▶ AIM OF THE EXERCISE
Below are several entries. Transcribe exactly those lines that fall from the one with "Fahne: Vereinte Nationen/" through the one with "Samyang 8 mm 1:3,5 Fisheye CS II für Nikon", end lines included.

════

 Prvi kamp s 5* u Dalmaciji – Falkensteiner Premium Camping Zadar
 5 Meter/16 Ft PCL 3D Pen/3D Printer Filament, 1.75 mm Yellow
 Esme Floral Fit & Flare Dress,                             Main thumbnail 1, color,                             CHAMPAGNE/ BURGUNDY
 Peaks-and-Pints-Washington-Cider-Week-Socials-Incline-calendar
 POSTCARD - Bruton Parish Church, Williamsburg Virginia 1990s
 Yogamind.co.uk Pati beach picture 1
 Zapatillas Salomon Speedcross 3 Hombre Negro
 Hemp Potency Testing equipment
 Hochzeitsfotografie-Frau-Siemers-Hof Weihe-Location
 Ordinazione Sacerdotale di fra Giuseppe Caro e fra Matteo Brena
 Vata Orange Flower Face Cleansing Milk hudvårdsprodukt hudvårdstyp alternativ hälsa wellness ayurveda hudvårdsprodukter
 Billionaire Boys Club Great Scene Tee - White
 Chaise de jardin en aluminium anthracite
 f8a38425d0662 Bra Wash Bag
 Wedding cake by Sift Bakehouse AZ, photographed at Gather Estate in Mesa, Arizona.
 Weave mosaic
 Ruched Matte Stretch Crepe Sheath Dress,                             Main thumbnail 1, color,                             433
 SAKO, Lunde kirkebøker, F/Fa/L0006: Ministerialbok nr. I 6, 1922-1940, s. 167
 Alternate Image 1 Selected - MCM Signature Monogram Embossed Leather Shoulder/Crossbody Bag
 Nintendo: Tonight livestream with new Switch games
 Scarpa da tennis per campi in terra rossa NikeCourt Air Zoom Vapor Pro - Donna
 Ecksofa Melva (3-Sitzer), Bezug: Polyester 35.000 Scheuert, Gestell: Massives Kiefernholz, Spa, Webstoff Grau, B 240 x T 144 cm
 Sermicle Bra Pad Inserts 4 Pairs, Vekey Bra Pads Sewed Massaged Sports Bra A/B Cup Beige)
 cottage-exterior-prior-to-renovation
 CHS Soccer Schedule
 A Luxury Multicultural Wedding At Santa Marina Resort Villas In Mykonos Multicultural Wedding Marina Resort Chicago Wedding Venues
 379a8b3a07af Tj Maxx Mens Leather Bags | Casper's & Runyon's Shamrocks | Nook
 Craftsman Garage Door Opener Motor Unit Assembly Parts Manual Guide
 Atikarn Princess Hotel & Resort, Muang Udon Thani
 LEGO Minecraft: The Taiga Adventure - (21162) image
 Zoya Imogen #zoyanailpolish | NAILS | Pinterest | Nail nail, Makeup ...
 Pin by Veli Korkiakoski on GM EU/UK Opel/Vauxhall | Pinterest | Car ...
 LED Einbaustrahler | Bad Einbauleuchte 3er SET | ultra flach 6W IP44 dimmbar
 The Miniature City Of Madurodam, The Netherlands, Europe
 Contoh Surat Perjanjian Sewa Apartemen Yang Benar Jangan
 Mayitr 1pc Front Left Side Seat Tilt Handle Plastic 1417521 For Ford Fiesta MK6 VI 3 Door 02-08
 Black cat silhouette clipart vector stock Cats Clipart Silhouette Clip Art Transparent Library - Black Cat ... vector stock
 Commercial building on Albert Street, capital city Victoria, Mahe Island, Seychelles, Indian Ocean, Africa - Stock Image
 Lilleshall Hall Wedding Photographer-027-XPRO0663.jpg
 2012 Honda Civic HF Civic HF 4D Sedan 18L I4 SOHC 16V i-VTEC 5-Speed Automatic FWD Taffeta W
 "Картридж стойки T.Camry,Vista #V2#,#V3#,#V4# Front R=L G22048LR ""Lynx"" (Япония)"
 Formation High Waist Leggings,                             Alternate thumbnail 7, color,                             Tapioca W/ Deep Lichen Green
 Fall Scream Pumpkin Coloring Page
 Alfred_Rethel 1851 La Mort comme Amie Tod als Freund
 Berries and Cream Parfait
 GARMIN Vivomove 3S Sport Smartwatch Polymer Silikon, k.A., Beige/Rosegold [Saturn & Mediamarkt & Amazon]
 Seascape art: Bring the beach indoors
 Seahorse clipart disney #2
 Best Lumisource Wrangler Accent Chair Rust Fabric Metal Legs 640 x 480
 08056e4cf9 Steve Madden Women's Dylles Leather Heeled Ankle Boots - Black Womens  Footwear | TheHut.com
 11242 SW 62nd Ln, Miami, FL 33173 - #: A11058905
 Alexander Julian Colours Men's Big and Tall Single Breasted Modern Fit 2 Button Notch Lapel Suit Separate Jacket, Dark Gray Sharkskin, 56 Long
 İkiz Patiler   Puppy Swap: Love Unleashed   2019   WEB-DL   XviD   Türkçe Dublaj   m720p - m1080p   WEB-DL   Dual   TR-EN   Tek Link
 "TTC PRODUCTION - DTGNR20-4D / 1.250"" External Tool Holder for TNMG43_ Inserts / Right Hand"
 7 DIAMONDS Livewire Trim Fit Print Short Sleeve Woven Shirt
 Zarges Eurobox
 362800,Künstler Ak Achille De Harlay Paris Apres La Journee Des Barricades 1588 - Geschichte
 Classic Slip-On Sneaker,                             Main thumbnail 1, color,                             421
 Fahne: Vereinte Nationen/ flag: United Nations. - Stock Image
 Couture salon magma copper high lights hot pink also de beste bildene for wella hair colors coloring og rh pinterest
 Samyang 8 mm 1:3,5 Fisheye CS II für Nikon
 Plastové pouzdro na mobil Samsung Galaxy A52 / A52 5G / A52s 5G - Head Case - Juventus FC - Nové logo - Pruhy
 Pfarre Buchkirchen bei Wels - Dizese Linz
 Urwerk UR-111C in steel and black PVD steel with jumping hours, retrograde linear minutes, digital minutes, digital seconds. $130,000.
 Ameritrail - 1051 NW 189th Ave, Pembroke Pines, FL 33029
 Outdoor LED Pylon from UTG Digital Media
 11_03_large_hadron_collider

════

▶ WRITTEN ANSWER
 Fahne: Vereinte Nationen/ flag: United Nations. - Stock Image
 Couture salon magma copper high lights hot pink also de beste bildene for wella hair colors coloring og rh pinterest
 Samyang 8 mm 1:3,5 Fisheye CS II für Nikon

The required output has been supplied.